Across my analysis over the past several years I have consistently found that hydrogen is poorly suited to become a broad energy carrier because it performs badly when compared with direct electrification and biological fuels on efficiency, cost, and system complexity. Converting electricity into hydrogen through electrolysis, compressing or liquefying it, transporting it, storing it, and then converting it back into electricity or mechanical work wastes a large share of the original energy. Battery electric systems typically deliver 70% to 90% of input electricity to useful work, while hydrogen pathways often deliver closer to 30% to 40% once production, compression, distribution, and fuel cell conversion losses are included. Hydrogen infrastructure also requires expensive compression equipment, specialized pipelines, storage systems, and strict safety management. In most sectors direct grid connections, batteries, and biofuels provide simpler and more efficient solutions.

Hydrogen is also a poor solution for seasonal energy storage when compared with simpler options that already exist. Grid reliability emerges from layering solutions rather than relying on a single technology. Batteries handle seconds to hours of variability. Pumped hydro and flow batteries manage hours to a day. Interconnection, demand flexibility, and modest renewable overbuild smooth multi day fluctuations. Seasonal challenges are better addressed through two practical mechanisms. The first is seasonal thermal storage using aquifer thermal energy storage, district heating reservoirs, or large insulated hot water systems that store summer heat for winter use. The second is maintaining existing gas generation assets as strategic reserves fueled by biomethane stored in the natural gas infrastructure we already have. Biomethane can sit in underground gas storage for months or years and be burned in existing gas turbines during rare dunkelflaute events when wind and solar output fall for extended periods. This approach avoids building entirely new hydrogen infrastructure while using assets that already exist, providing reliability at far lower cost and complexity.

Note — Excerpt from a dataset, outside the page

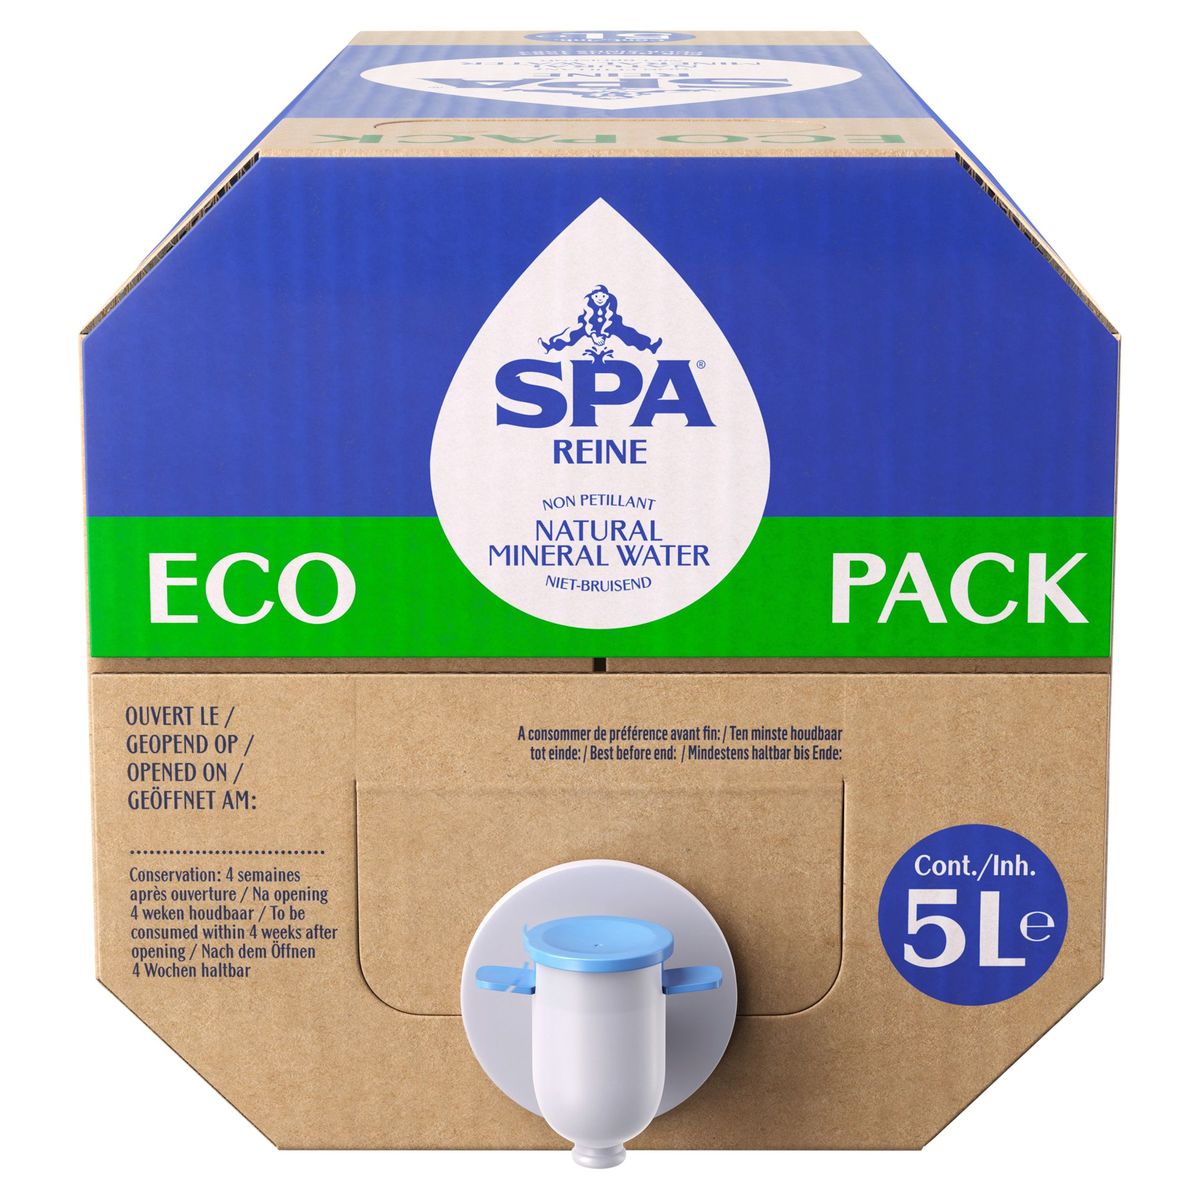 SPA REINE Eau Minérale Naturelle Eco Pack 5L

Another area where hydrogen is frequently proposed but performs poorly is commercial and industrial heating. Industrial heat accounts for roughly one quarter of global final energy demand and spans a wide temperature range from under 100°C for food processing and textiles to several hundred degrees for chemicals and manufacturing. In my work I have consistently argued that most of this demand can be electrified directly rather than replaced with hydrogen combustion. Electric boilers, resistance heating, induction heating, and industrial heat pumps already provide reliable solutions for a large share of industrial heat requirements. Industrial heat pumps in particular can deliver process heat up to around 200°C with coefficients of performance between three and five, meaning each kWh of electricity can deliver three to five kWh of heat. Combined with mid-depth aquifer thermal upgrading and thermal storage for load-shifting, this is an area rich with alternatives as well.

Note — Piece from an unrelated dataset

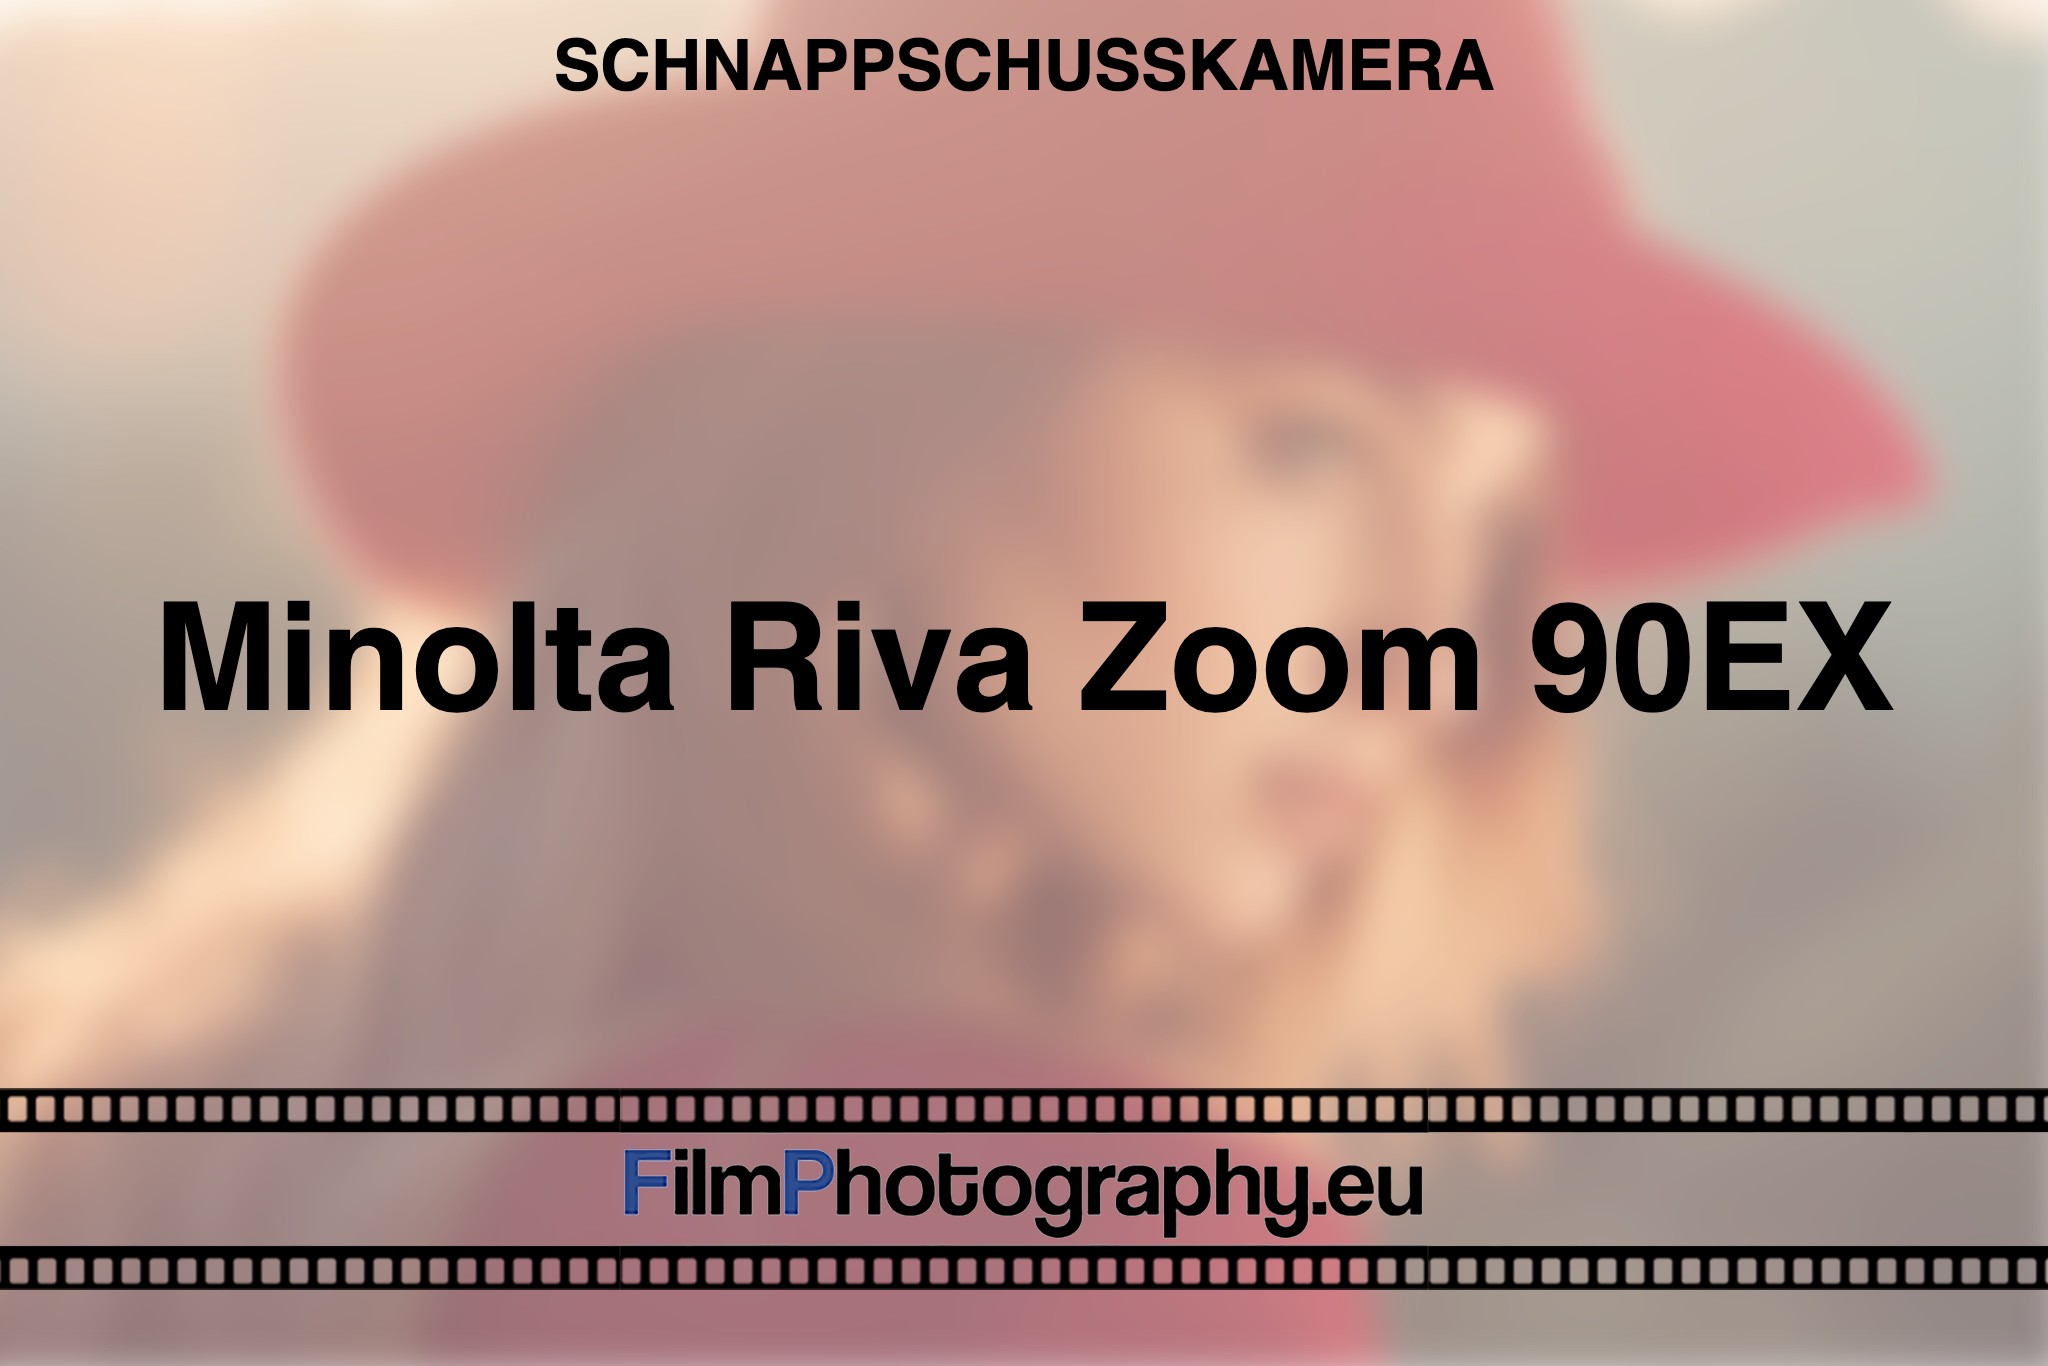 minolta-riva-zoom-90ex-schnappschusskamera-bnv

Electrification avoids the energy losses associated with producing hydrogen from electricity and then burning it for heat, a pathway that discards a large fraction of the original energy. When factories can connect directly to the grid and generate heat with electricity, hydrogen offers little advantage while introducing additional fuel handling costs, safety concerns, and infrastructure requirements. Studies and industrial pilots increasingly point in the same direction. Electrification technologies already exist for most commercial and industrial heating applications, leaving little room for hydrogen outside a narrow set of specific chemical processes that like flames, and even there biomethane is a cheaper alternative.

That’s why my projection has no hydrogen for transportation, energy storage or heating applications. Where an alternative to hydrogen exists, it is usually cheaper and simpler. Hydrogen handling requires specialized equipment, safety protocols, and regulatory oversight. That is why hydrogen has not become a widespread energy carrier despite decades of experimentation. It remains valuable where its chemistry is required, but many applications historically using hydrogen have already found alternatives. As hydrogen production decarbonizes and costs rise, that substitution trend will continue.